# PROVIDED MATERIAL
--*--

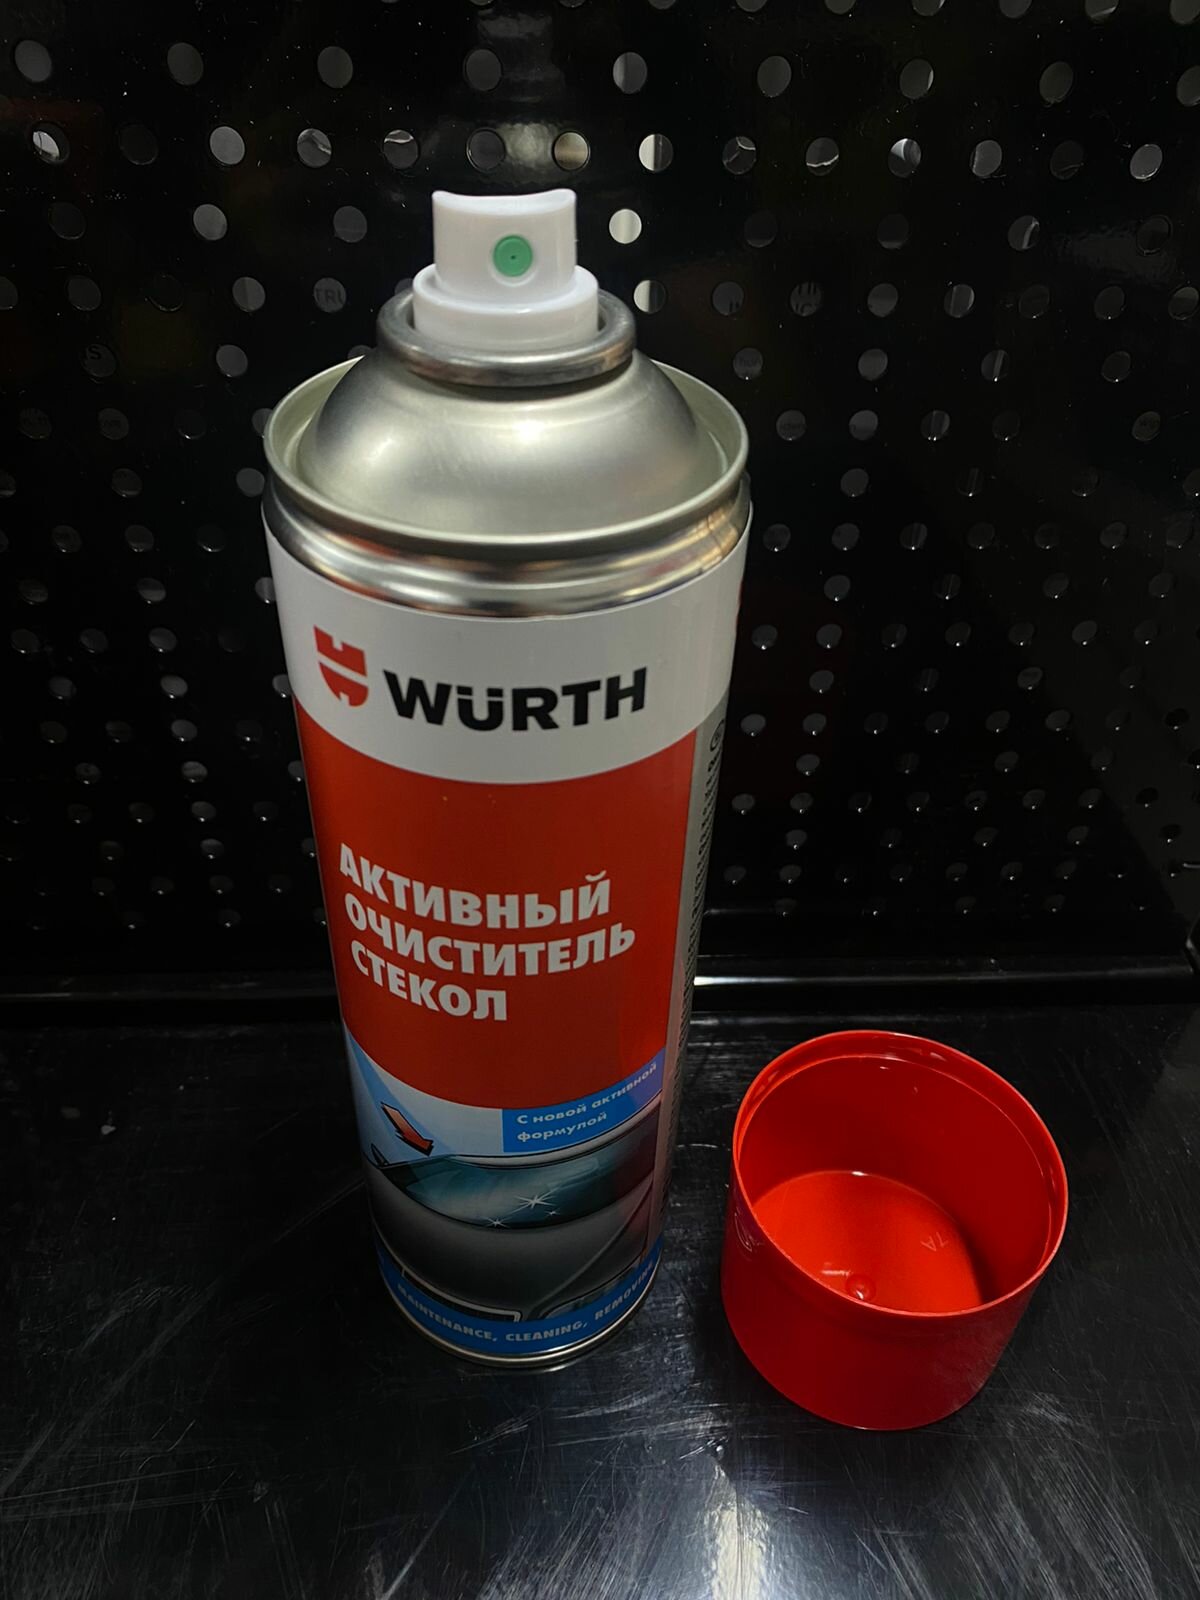 Спрей очиститель для стекла Wurth AKTIV (089025 053) 500мл
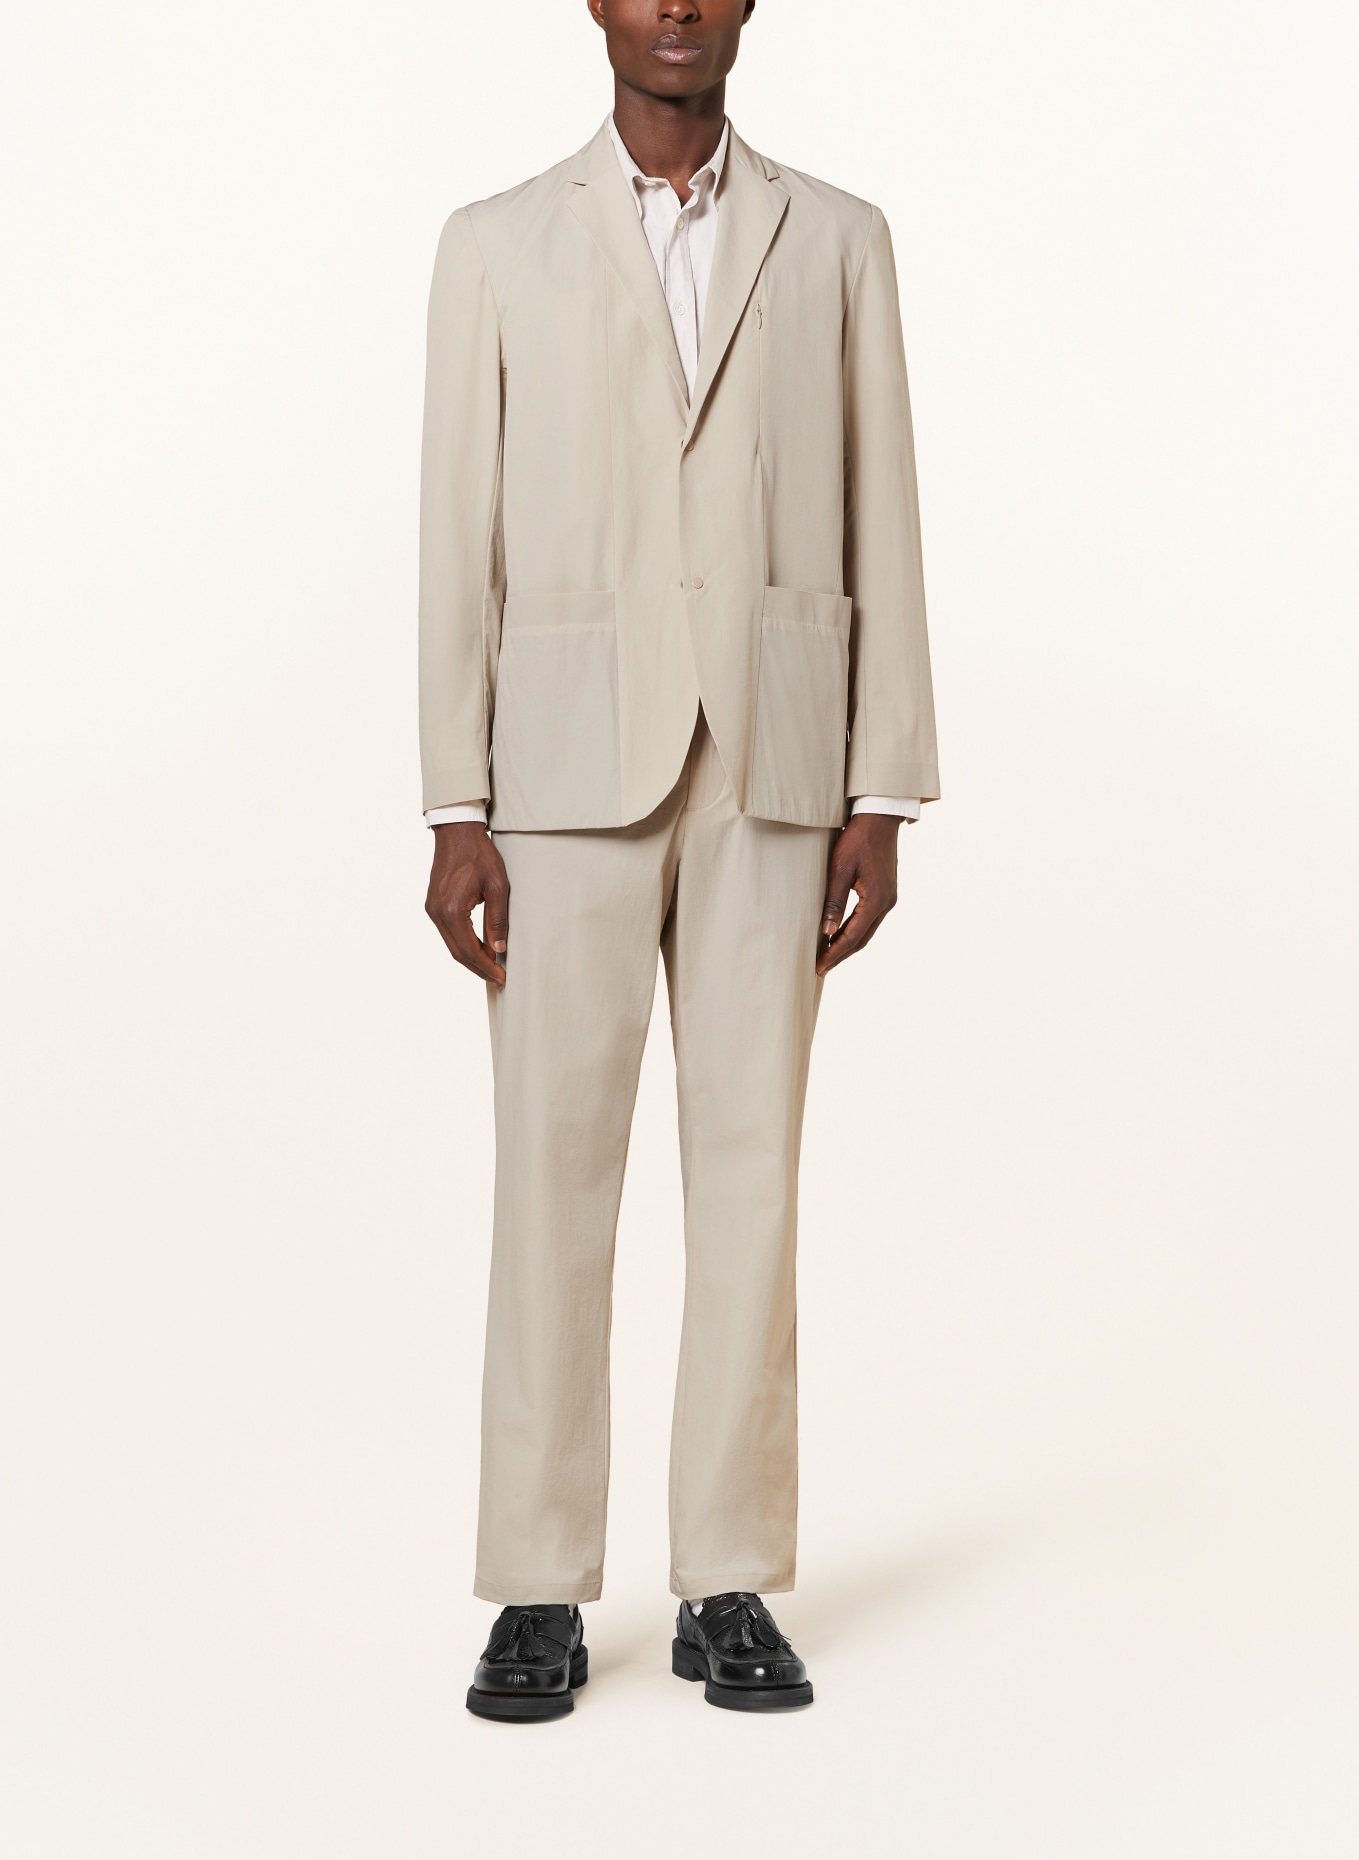 NORSE PROJECTS Suit jacket EMIL regular fit, Color: 0920 Light Khaki (Image 2)
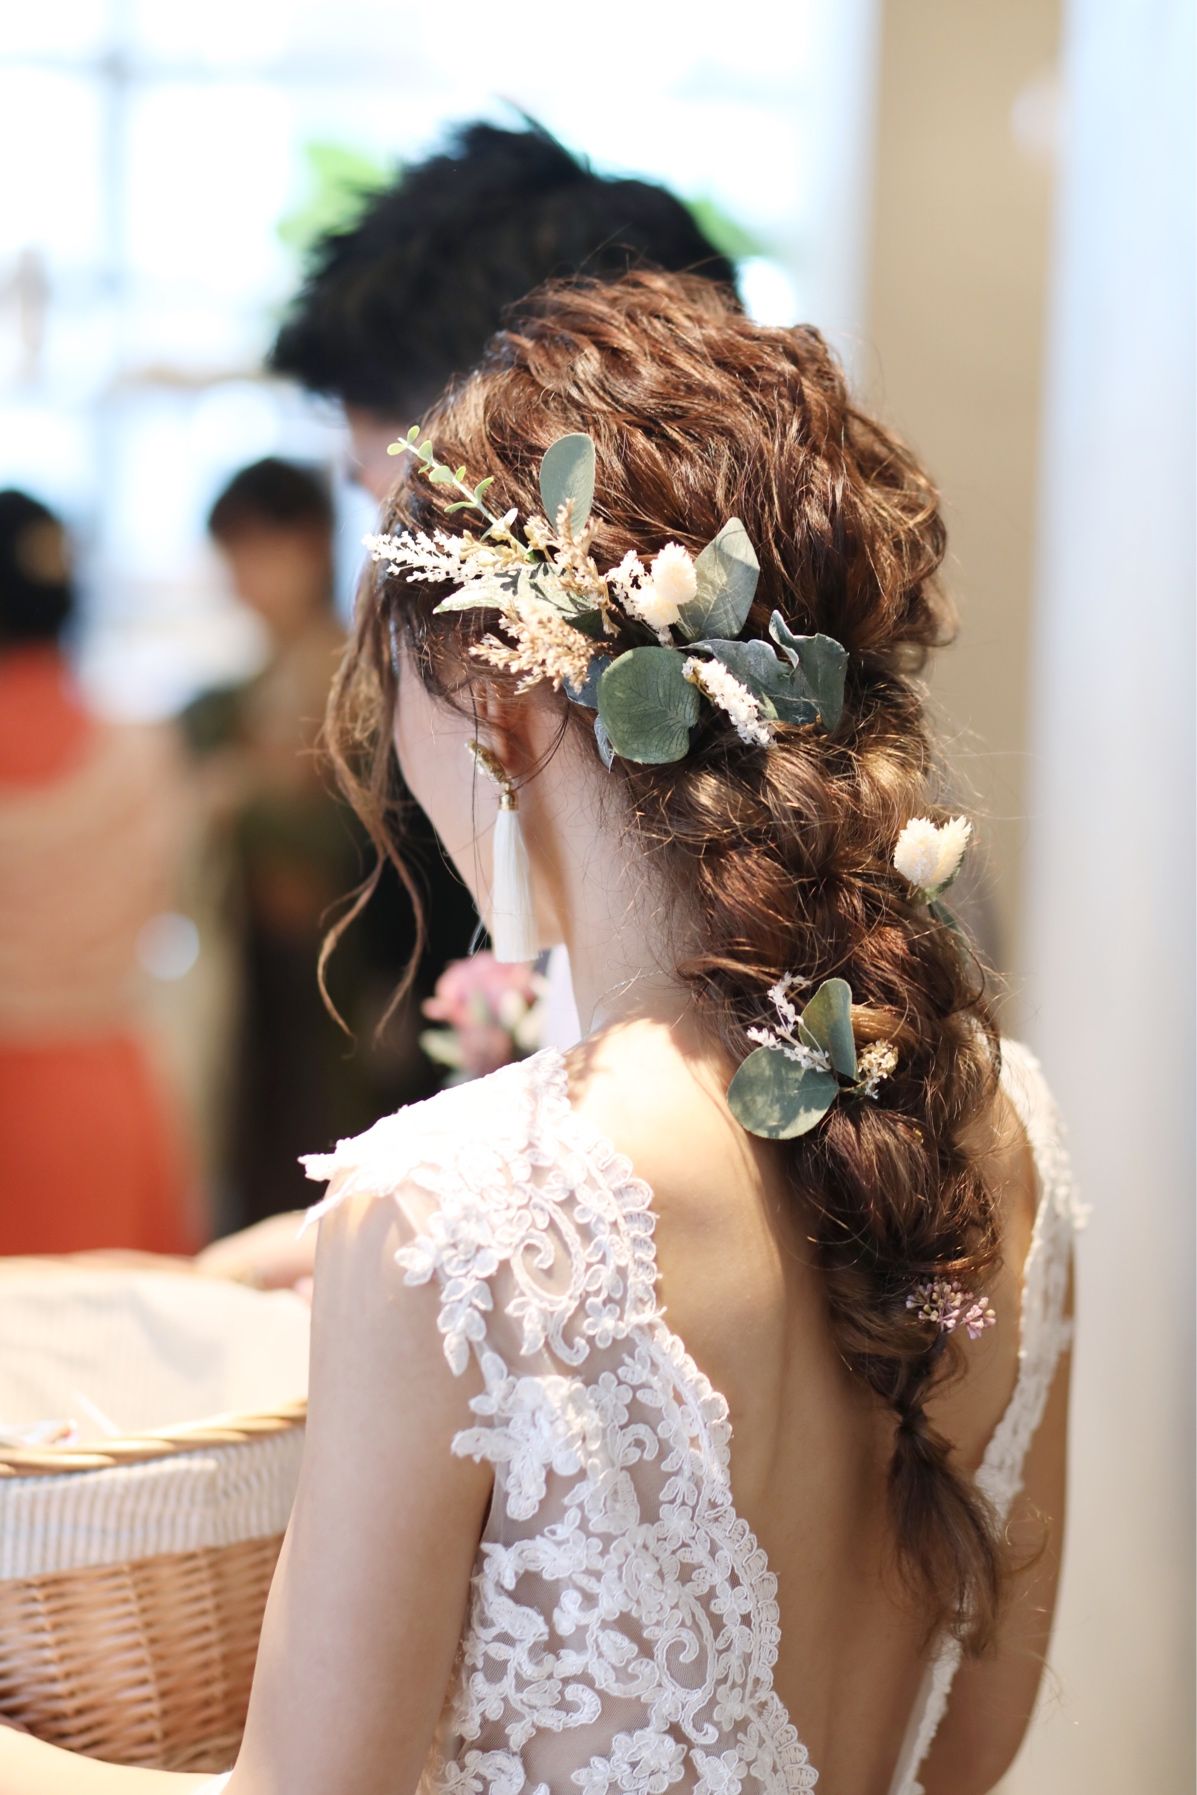 ウェディングドレスと相性抜群 お花を使ったおしゃれな髪型選 結婚式準備はウェディングニュース
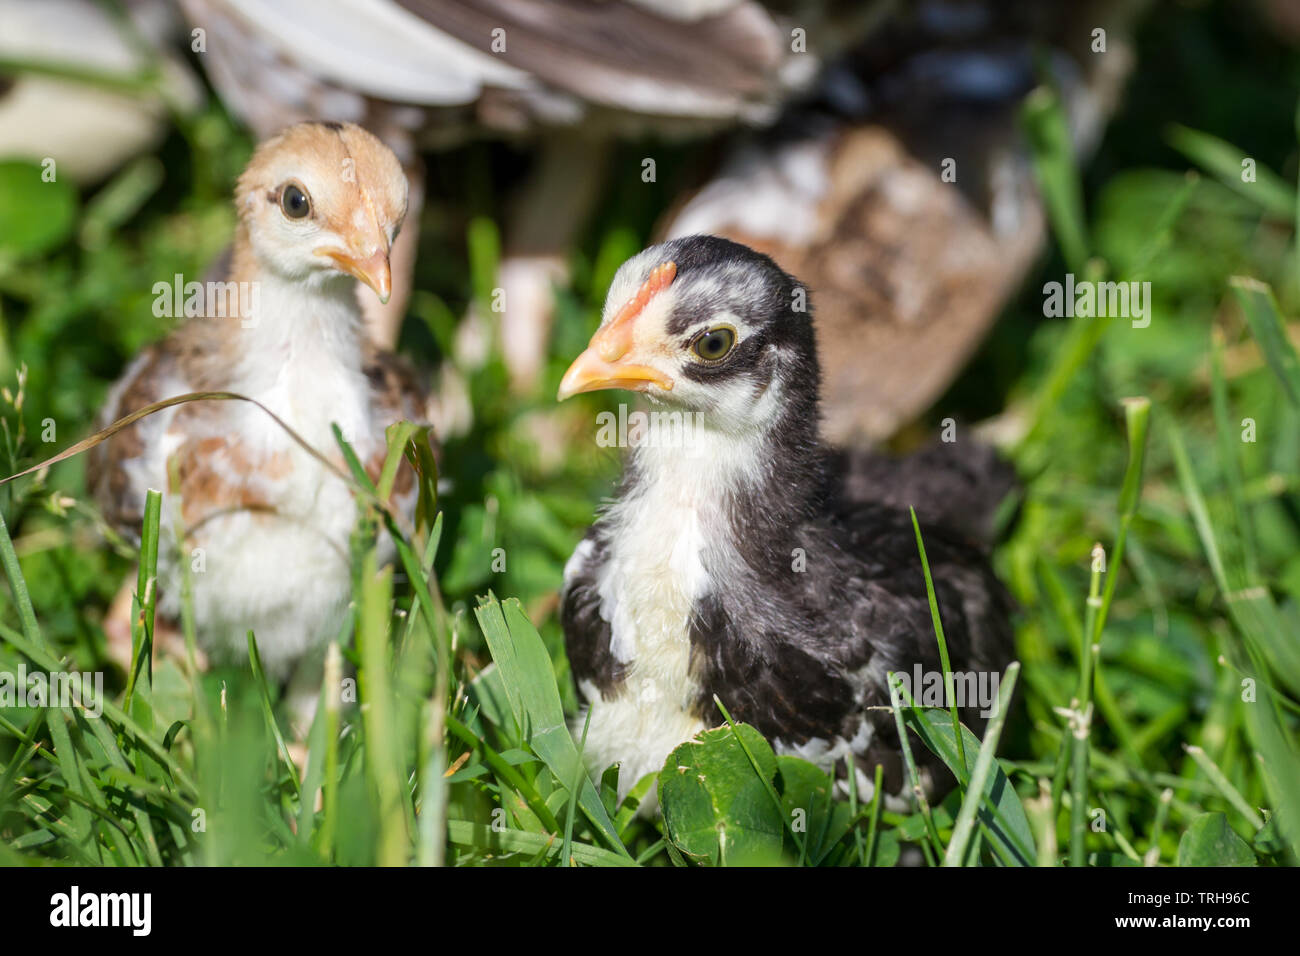 Zwei Jungvögel der Rasse Stoapiperl/Steinhendl, einer vom Aussterben bedrohten Rasse Huhn aus Österreich, auf der Wiese Stockfoto

--*--

# DIRECTIONS FOR THIS TASK
Without including any pictures, set down word for word every line from the one containing "ウェディングドレスと相性抜群 お花を使ったおしゃれな髪型選 結婚式準備はウェディングニュース" through the last line of the material.

# PROBLEM SOLUTION
 ウェディングドレスと相性抜群 お花を使ったおしゃれな髪型選 結婚式準備はウェディングニュース
 Zwei Jungvögel der Rasse Stoapiperl/Steinhendl, einer vom Aussterben bedrohten Rasse Huhn aus Österreich, auf der Wiese Stockfoto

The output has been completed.